You should visit this wonderful place in London to have amazing experiences here while traveling to England.
Things to know
What makes the National Portrait Gallery so compelling is its familiarity; in many cases, you’ll have heard of the subject (royals, scientists, politicians, celebrities) or the artist (Andy Warhol, Annie Leibovitz, Lucian Freud) but not necessarily recognize the face. Highlights include the famous ‘Chandos portrait’ of William Shakespeare, the first artwork the gallery acquired (in 1856) and believed to be the only likeness made during the playwright’s lifetime, and a touching sketch of novelist Jane Austen by her sister.
A further highlight is the ‘Ditchley’ portrait of Queen Elizabeth I displaying her might by standing on a map of England, her feet on Oxfordshire. The collection is organized chronologically (starting with the early Tudors on the 2nd floor), and then by theme. The 1st-floor portraits illustrate the rise and fall of the British Empire through the Victorian era and the 20th century. Don’t miss the high-kitsch statue of Victoria and Albert in Anglo-Saxon dress in Room 21.
The ground floor is dedicated to modern figures, using a variety of media (sculpture, photography, video etc). Among the most popular have been the iconic Blur portraits by Julian Opie, Sam Taylor-Johnson’s David, a (low-res by today’s standards) video-portrait of David Beckham asleep after football training and Michael Craig-Martin’s Dame Zaha Hadid. Don’t miss Self by Mark Quinn, a frozen, refrigerated sculpture of the artist’s head, made from 4.5L of his own blood and recast every five years. The excellent audio guide (£3) highlights more than 300 portraits and allows you to hear the voices of some of the subjects and artists.
The Portrait restaurant does wonderful food and has superb views towards Westminster.
the National Portrait Gallery (NPG) is an art gallery in London housing a collection of portraits of historically important and famous British people. It was the first portrait gallery in the world when it opened in 1856. The gallery moved in 1896 to its current site at St Martin’s Place, off Trafalgar Square, and adjoining the National Gallery.

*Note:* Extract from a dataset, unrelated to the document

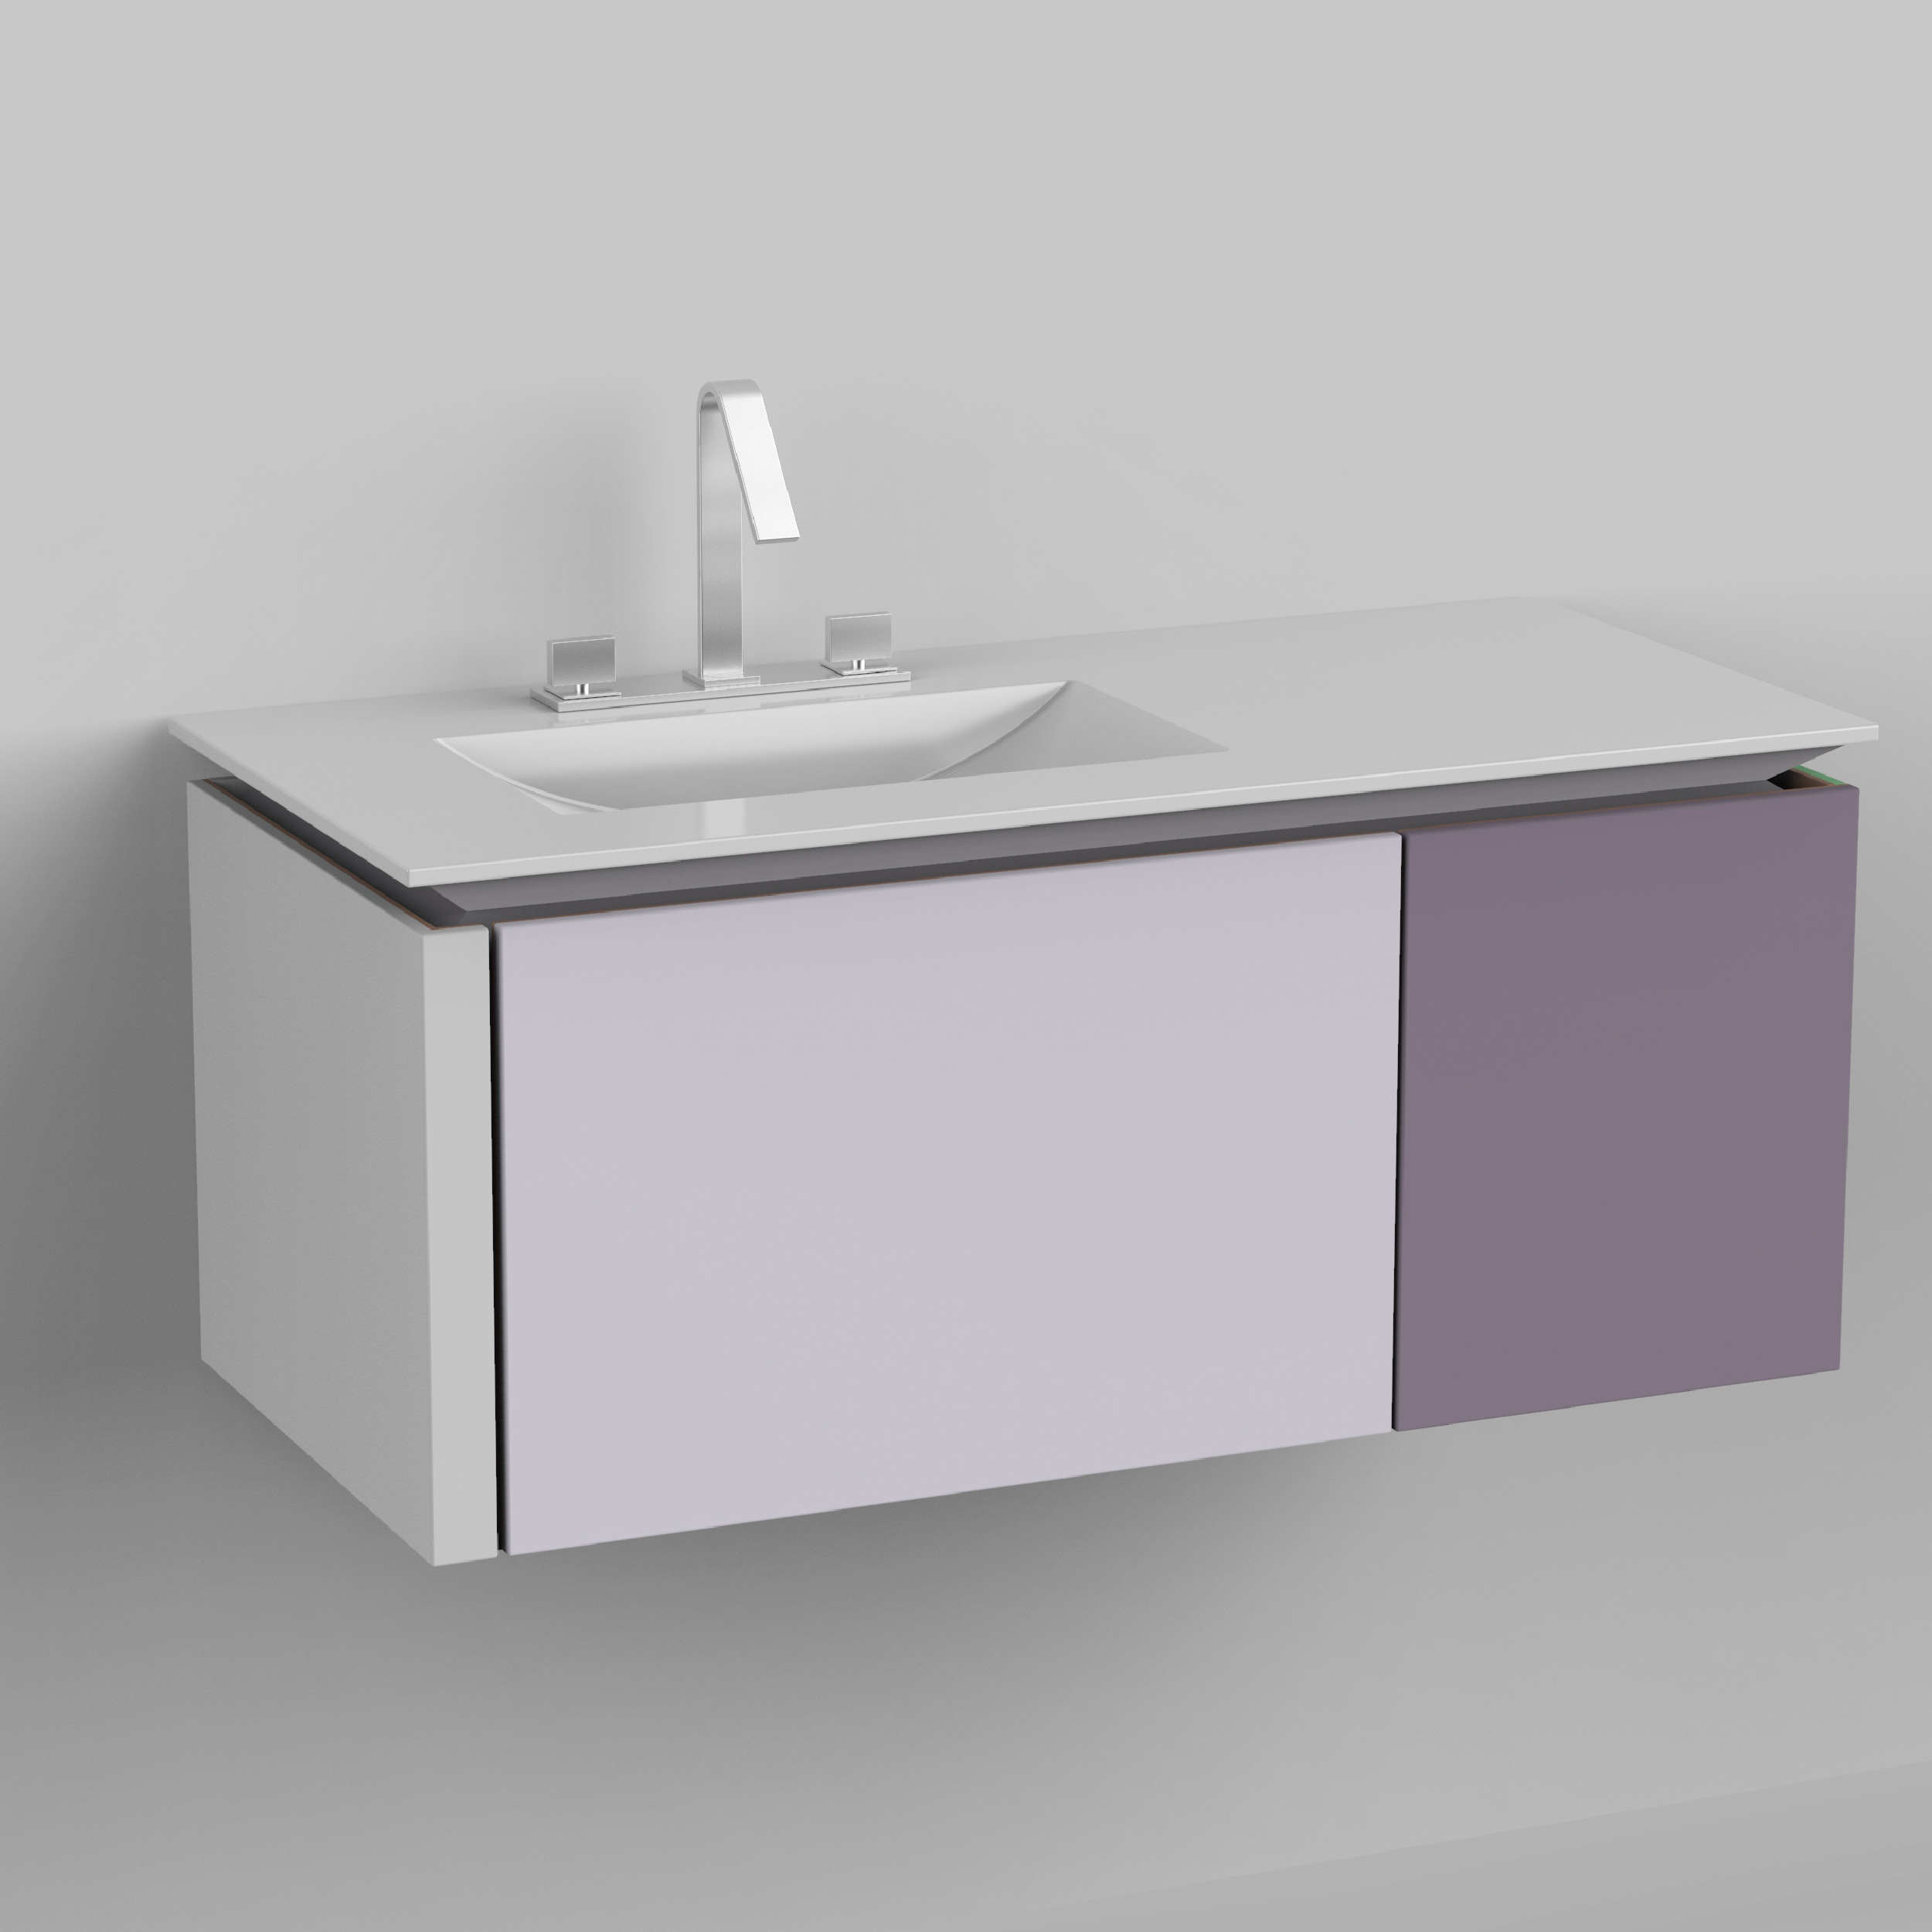 Wall Mounted Bathroom Vanities Remodel Ideas Cabinet Macarons Series

It has been expanded twice since then. The National Portrait Gallery also has regional outposts at Beningbrough Hall in Yorkshire and Montacute House in Somerset. It is unconnected to the Scottish National Portrait Gallery in Edinburgh, with which its remit overlaps. The gallery is a non-departmental public body sponsored by the Department for Culture, Media, and Sport.

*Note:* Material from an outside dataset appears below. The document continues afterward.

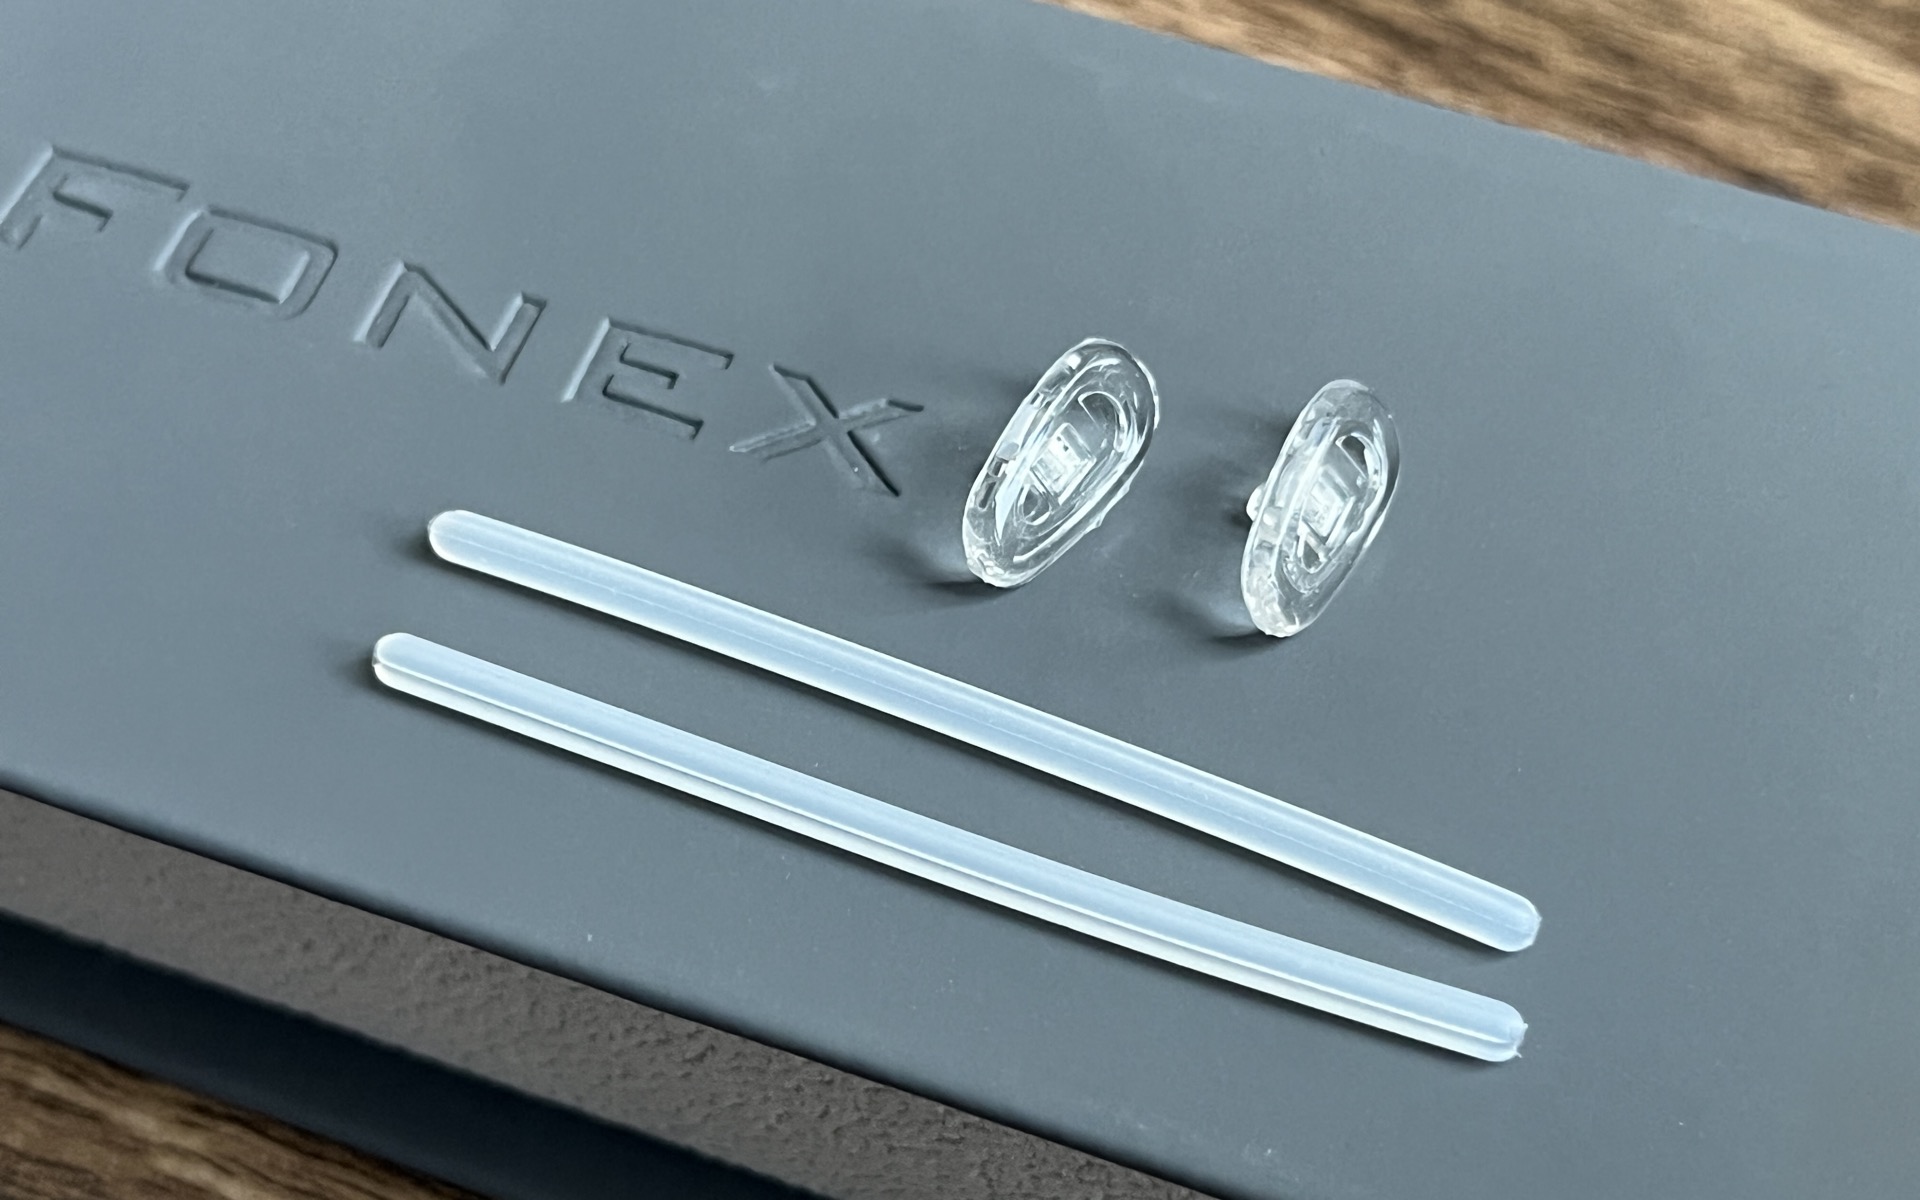 Review nhanh gọng kính Fonex mua online

The three people largely responsible for the founding of the National Portrait Gallery are commemorated with busts over the main entrance. At center is Philip Henry Stanhope, 4th Earl Stanhope, with his supporters on either side, Thomas Babington Macaulay, 1st Baron Macaulay (to Stanhope’s left) and Thomas Carlyle (to Stanhope’s right). It was Stanhope who, in 1846 as a Member of Parliament (MP), first proposed the idea of a National Portrait Gallery. It was not until his third attempt, in 1856, this time from the House of Lords, that the proposal was accepted. With Queen Victoria’s approval, the House of Commons set aside a sum of £2000 to establish the gallery. As well as Stanhope and Macaulay, the founder Trustees included Benjamin Disraeli and Lord Ellesmere. It was the latter who donated the Chandos portrait to the nation as the gallery’s first portrait. Carlyle became a trustee after the death of Ellesmere in 1857.